Davenport got the device in January 2001, but didn't feel the full effect until 18 months later. She now considers herself the "happiest girl you ever met," but still takes antidepressants, eats well and exercises to control her depression.

Davenport said she looks forward to final FDA approval for the device so others can benefit.

In June 2004, an FDA advisory panel voted 5-2 to recommend approval for patients with major depression. But six of the seven panel members were concerned about Cyberonics' two main studies on the device in which the patients were not randomly assigned to receive the treatment or a placebo. Random assignments prevent those conducting the study from manipulating who gets the treatment and who gets a placebo.

Cummins said the studies were conducted thoroughly enough to prove the treatment effective.

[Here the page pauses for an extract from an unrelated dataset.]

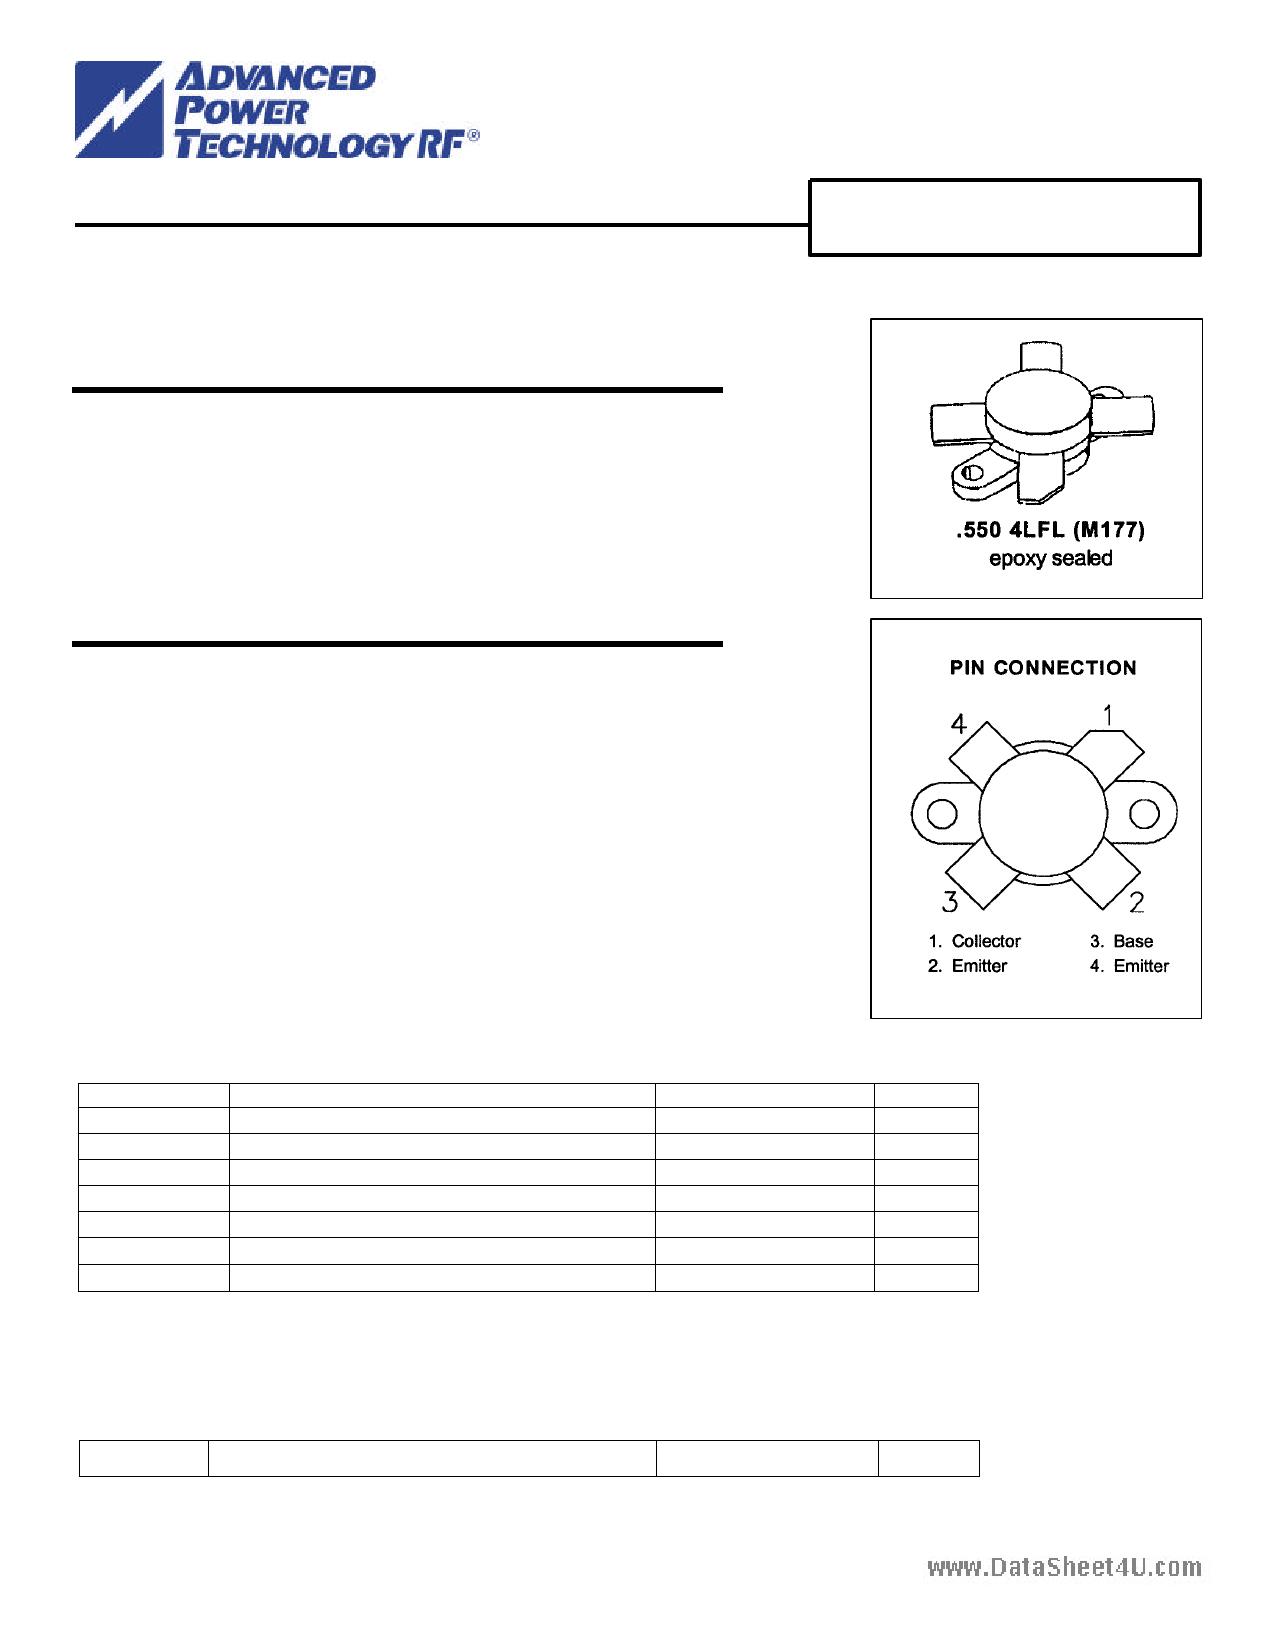 MS1011 데이터시트 및 MS1011 PDF

Richard Malone, a professor of psychiatry at Drexel University in Philadelphia and one of the two FDA panel members who opposed the device's approval, criticized Cyberonics for not doing a true double-blind study, where neither the doctor nor patient knows if they are getting treatment or a placebo.

"For most drugs, if you don't show efficacy in double blind studies, you haven't shown that it's effective," Malone said.

The FDA went against its panel's recommendation and decided in August not to approve the device, saying it was concerned about the quality of the studies and that some patients' depression worsened even with the device.

When Cyberonics gave the FDA more data showing that 18 percent of patients were depression free, 35 percent had reduced depressive symptoms by half and 57 percent had some benefit after two years of treatment, the FDA gave the stimulator preliminary approval in February.

Final approval was expected by the end of May but continuing debate could delay that.

On May 11, the consumer group Public Citizen wrote the FDA, opposing the approval of the device because it "does not come close to meeting FDA's approval standards, and may well do more harm than good."

Cyberonics said the Senate Finance Committee was also examining the FDA's handling of the device's approval process. FDA spokeswoman Kathleen K. Quinn declined comment because the device's application is pending, and a committee spokeswoman did not return a call seeking comment.

Final FDA approval could mean $1 billion in revenue by 2010, compared to $300 million in revenue for the device's treatment of epilepsy, Cyberonics predicts. The company's stock price has also dramatically risen and fallen during the approval process. The stock fell 27 cents on Friday to close at $37.51. It has traded in a range between $12.78 and $46.71 over the last year.

John O'Reardon, an assistant professor of psychiatry at the University of Pennsylvania, said he would use it with patients.

"It's had a rocky road to approval," he said. "I would say it probably does mean there is some question mark, but there is always some question mark when a new treatment is approved."